Your instructions: Could you give back the records exactly, taking out the pictures?

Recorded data
================

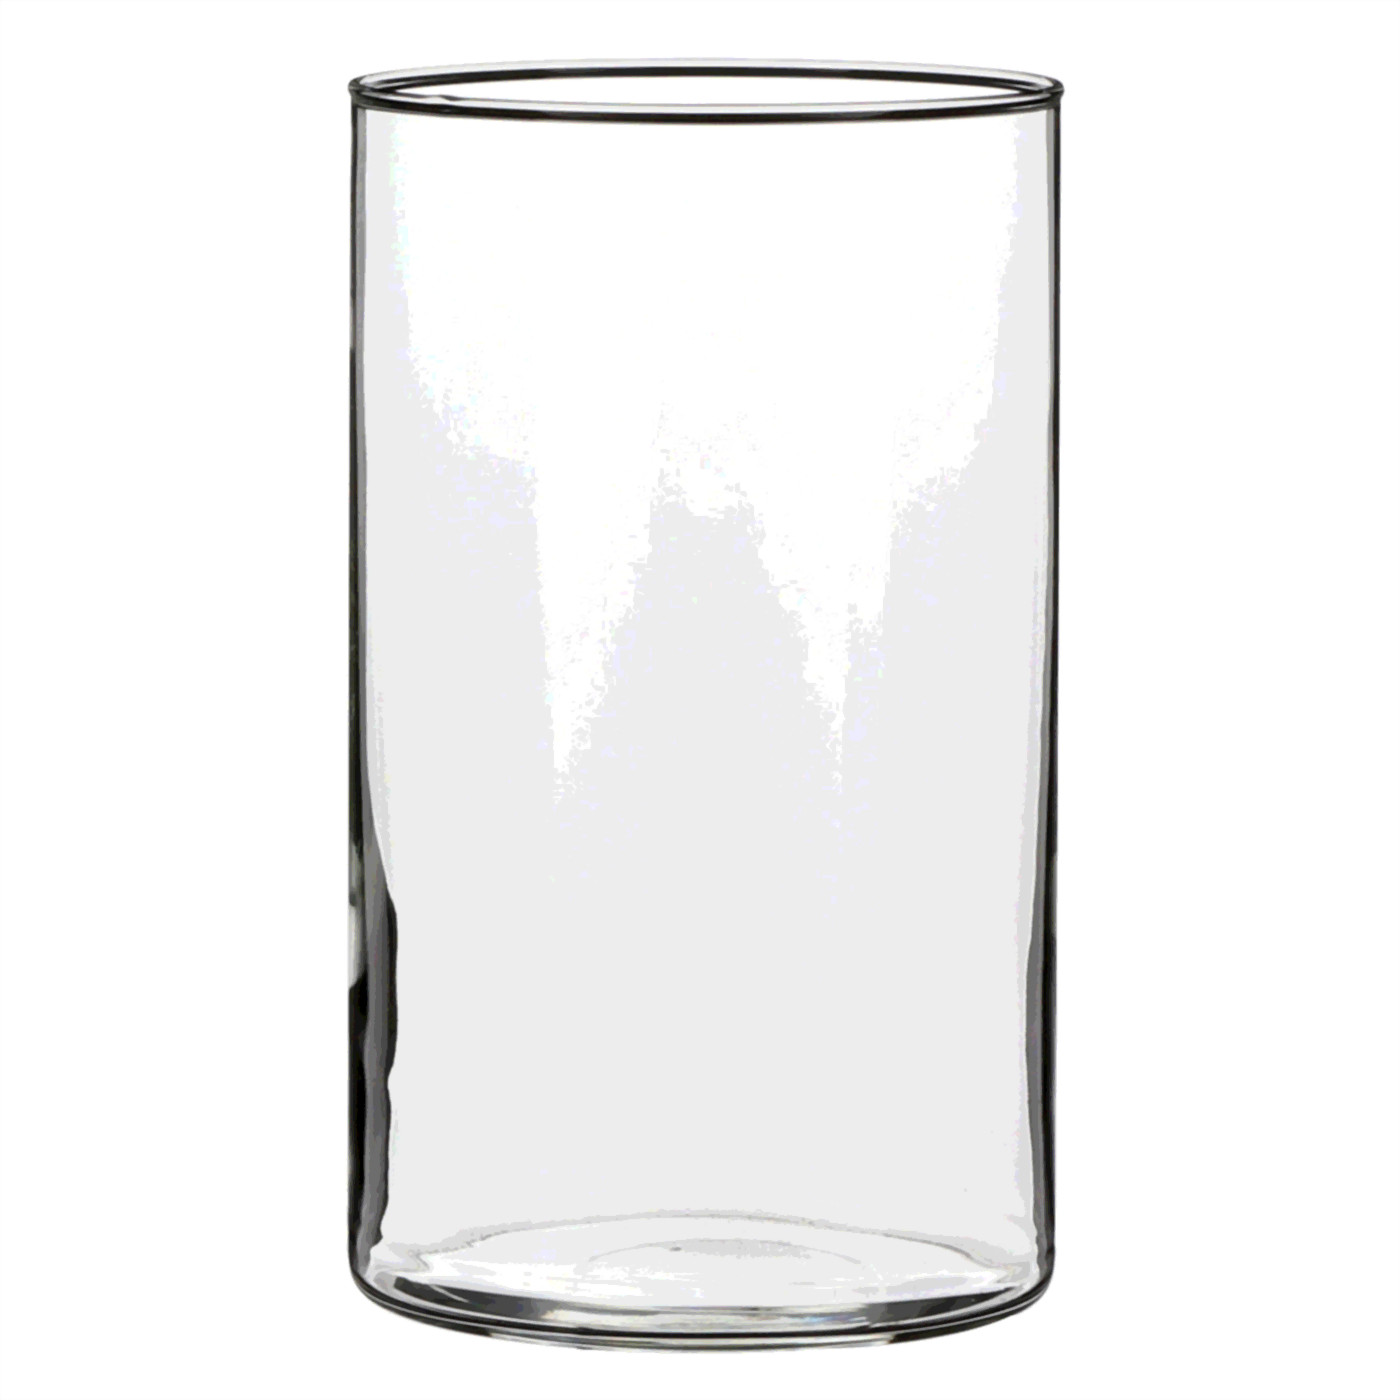 1x Glazen cilinder vaas/vazen 20 cm rond
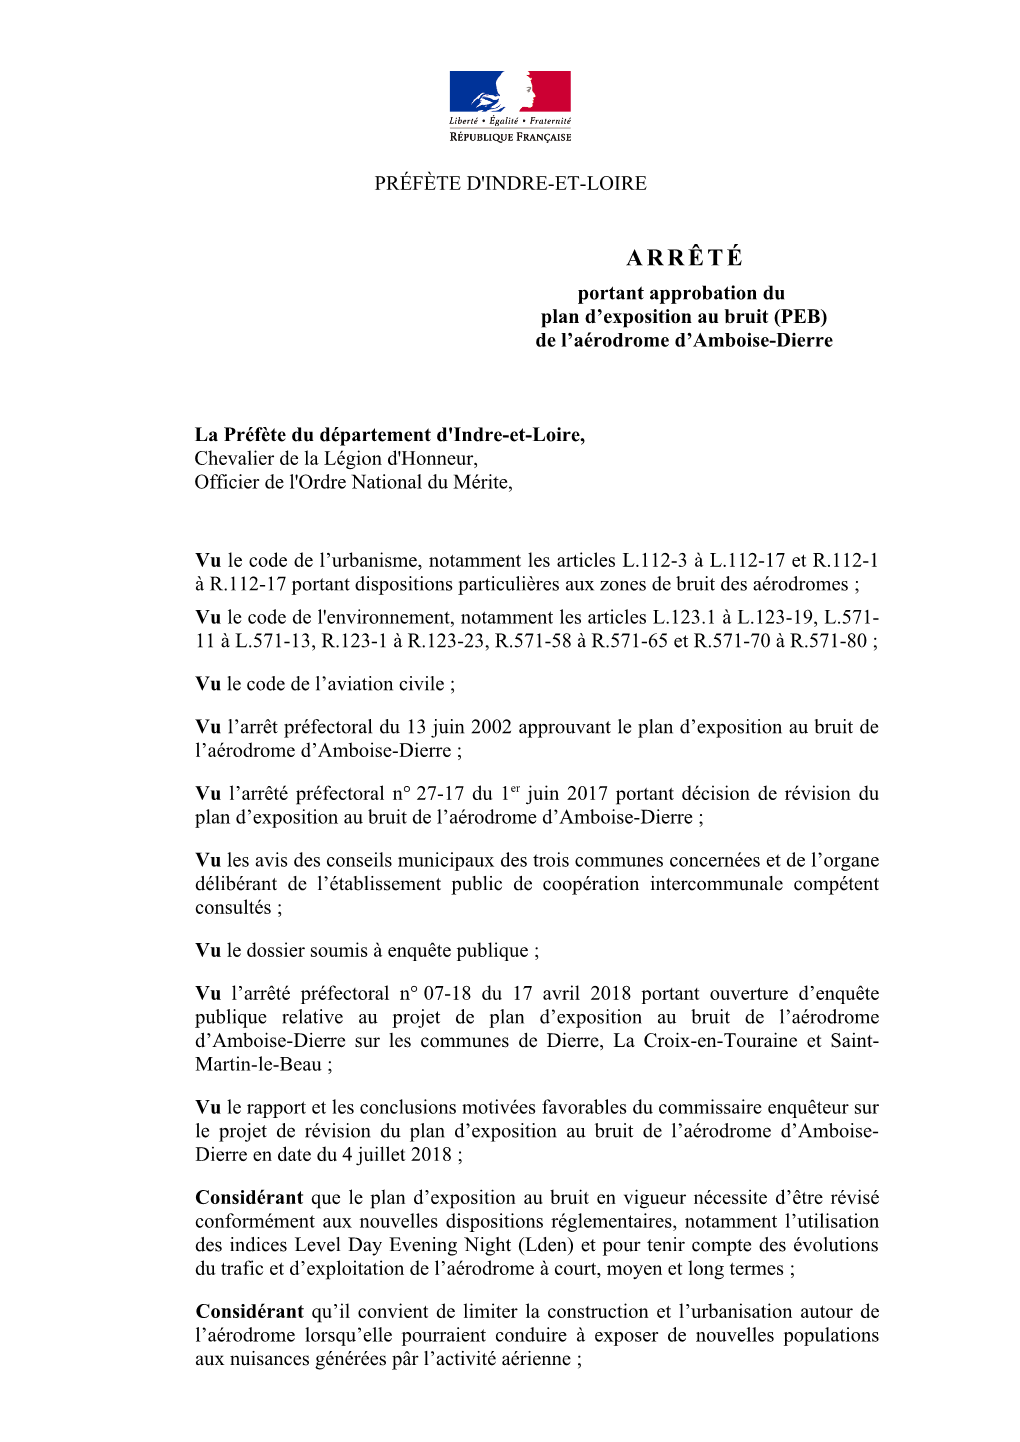 ARRÊTÉ Portant Approbation Du Plan D’Exposition Au Bruit (PEB) De L’Aérodrome D’Amboise-Dierre
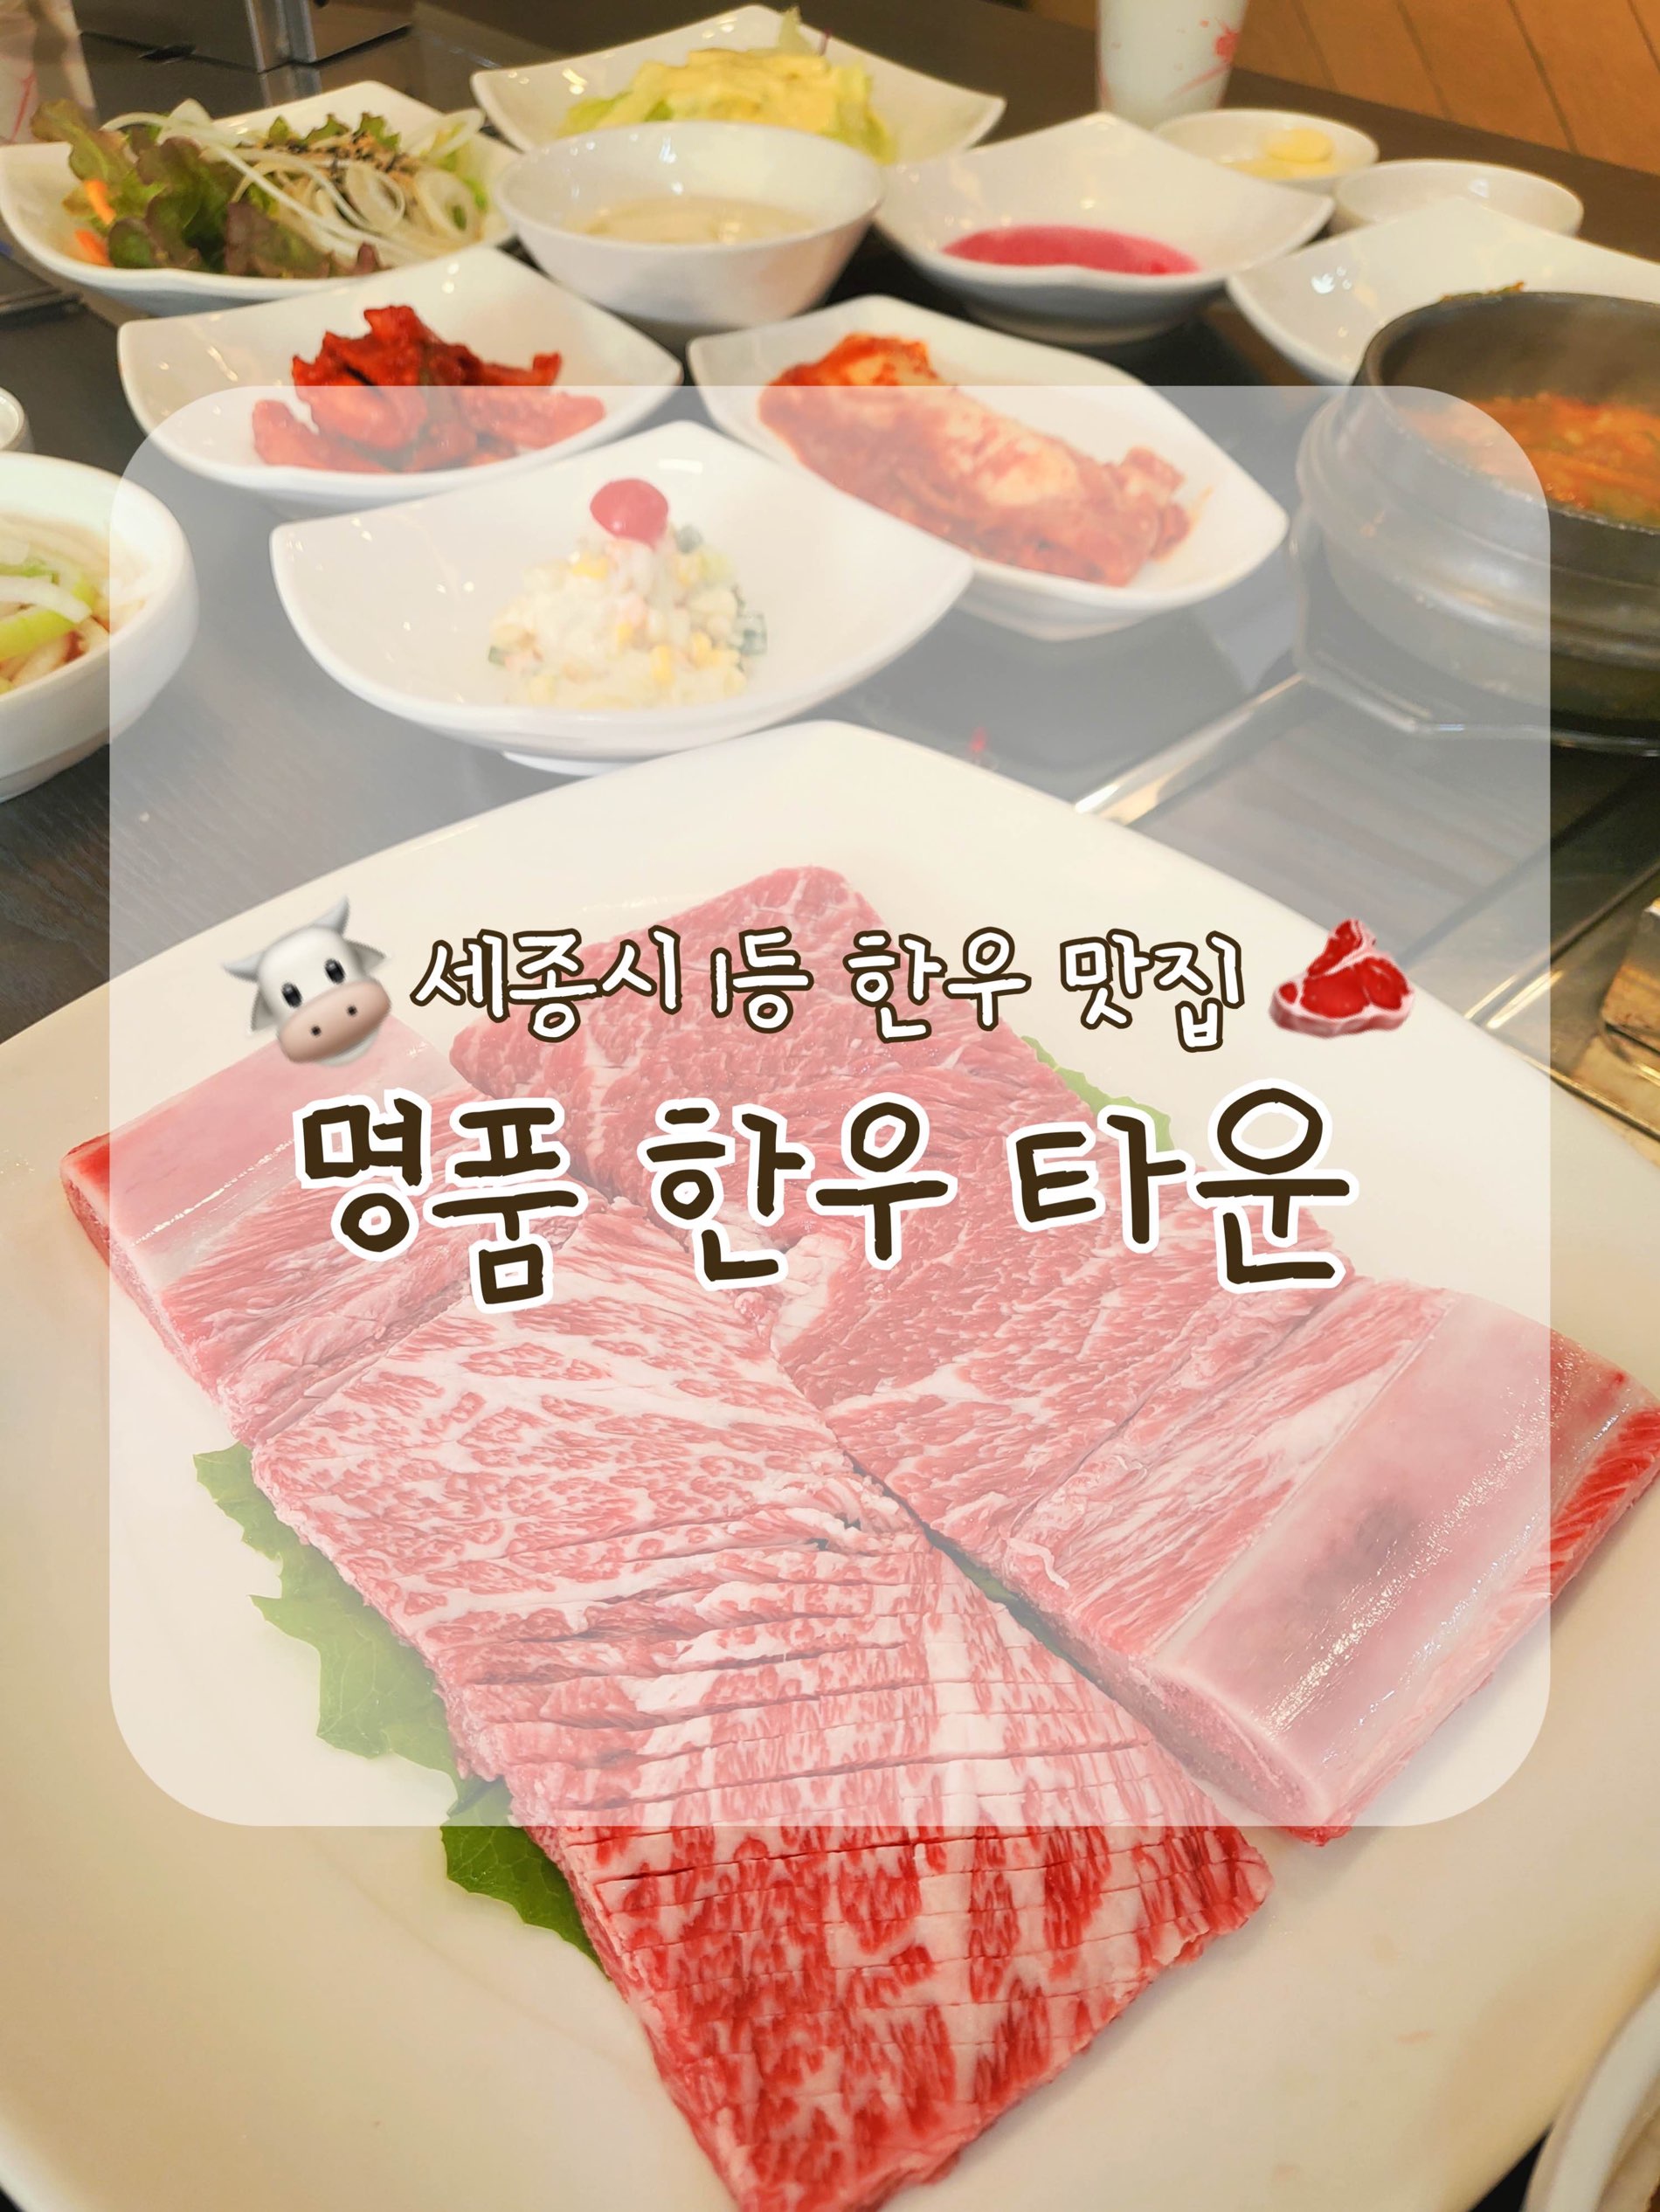 世宗第一名韩牛餐厅,名牌韩牛镇🥩
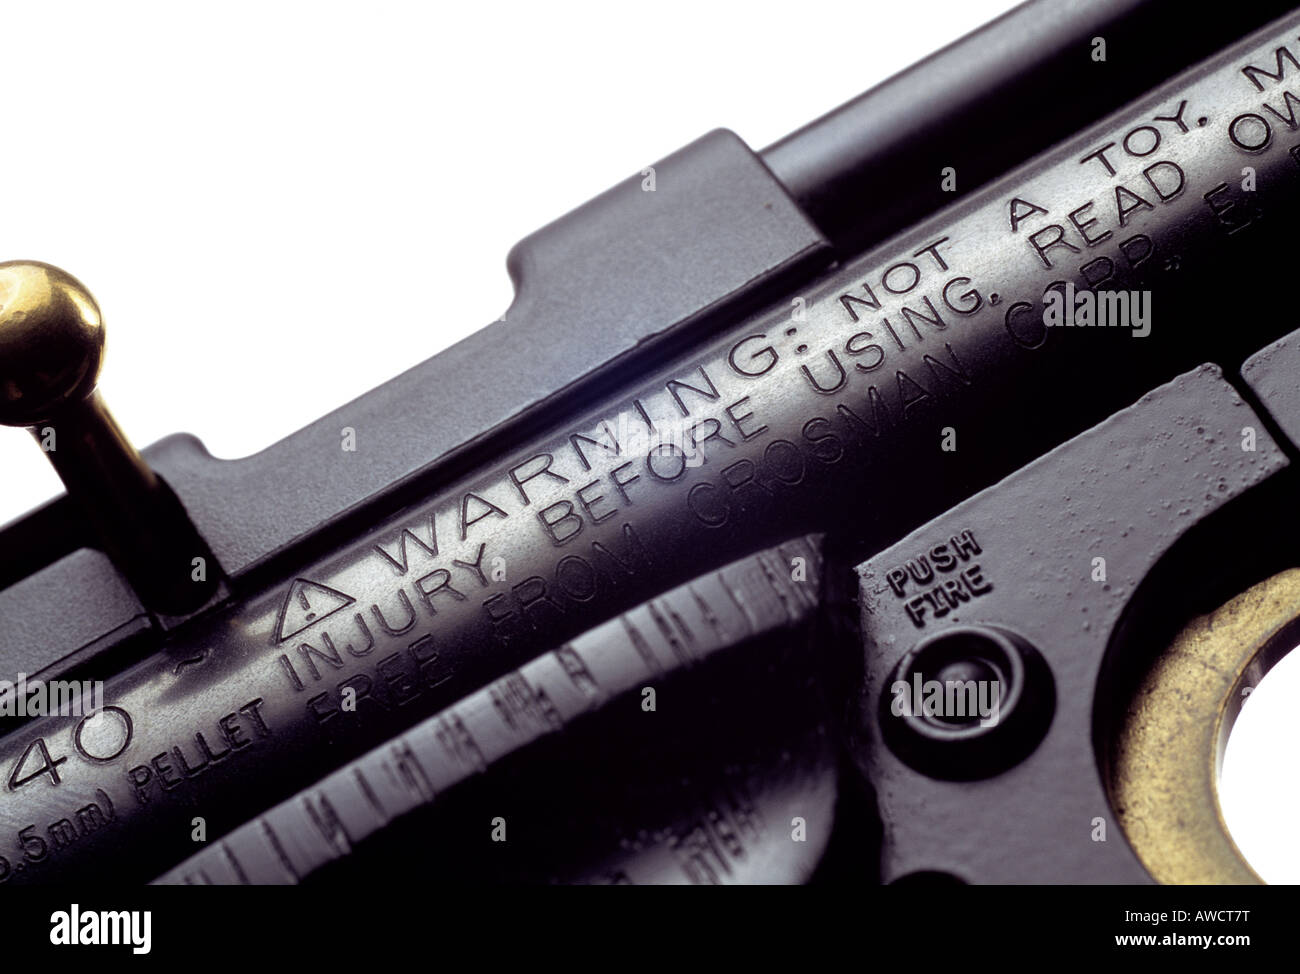 Warning notice on a gun. Stock Photo
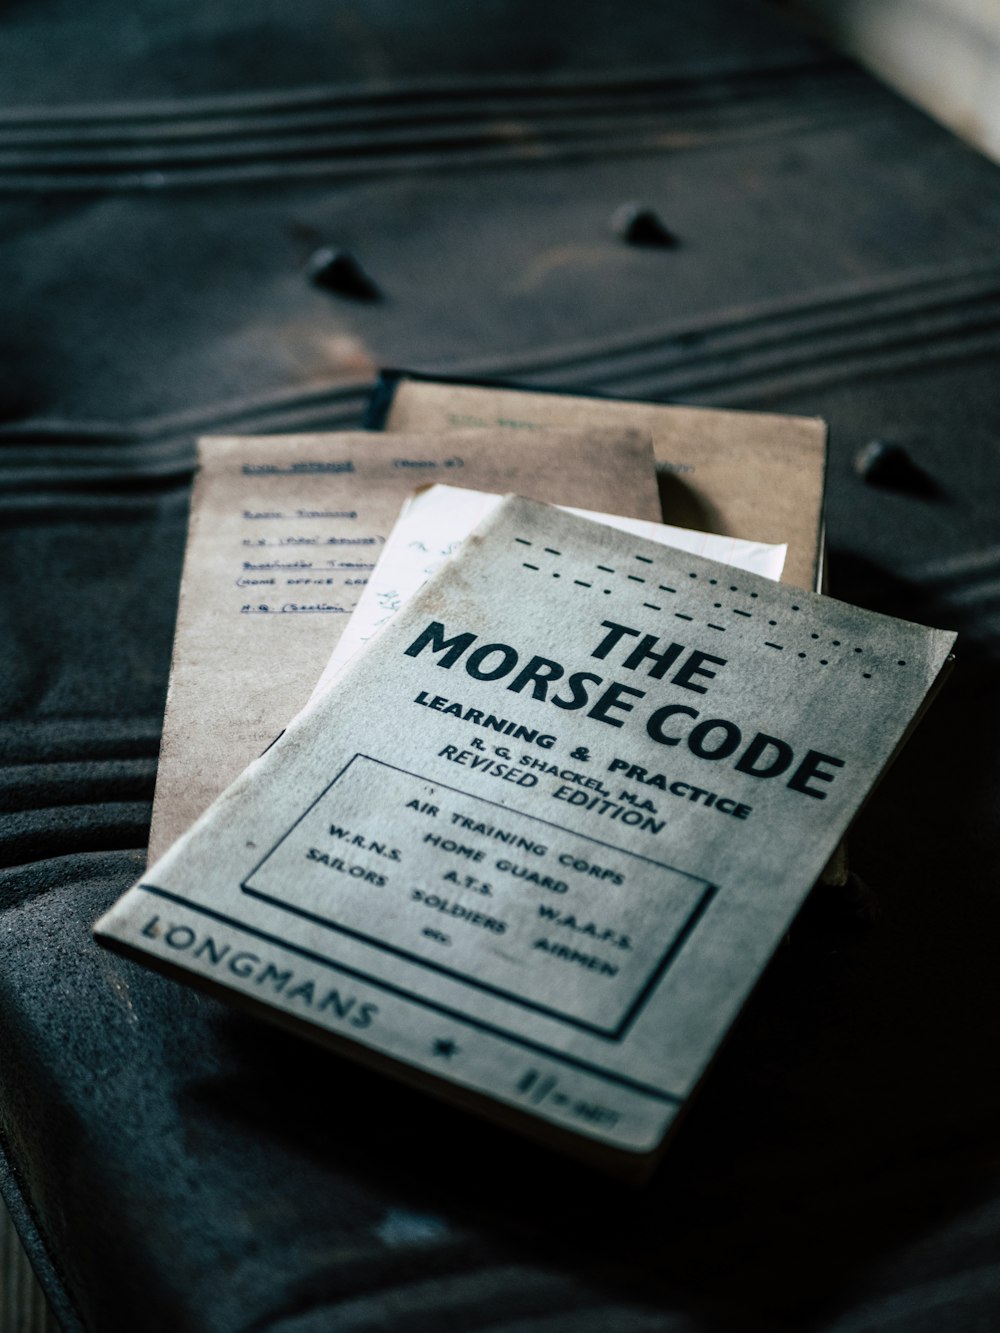 Le livre de code Morse

================

Written solution:
 1x Glazen cilinder vaas/vazen 20 cm rond
 ARRÊTÉ Portant Approbation Du Plan D’Exposition Au Bruit (PEB) De L’Aérodrome D’Amboise-Dierre
 世宗第一名韩牛餐厅,名牌韩牛镇🥩
 Warning notice on a gun. Stock Photo
 Le livre de code Morse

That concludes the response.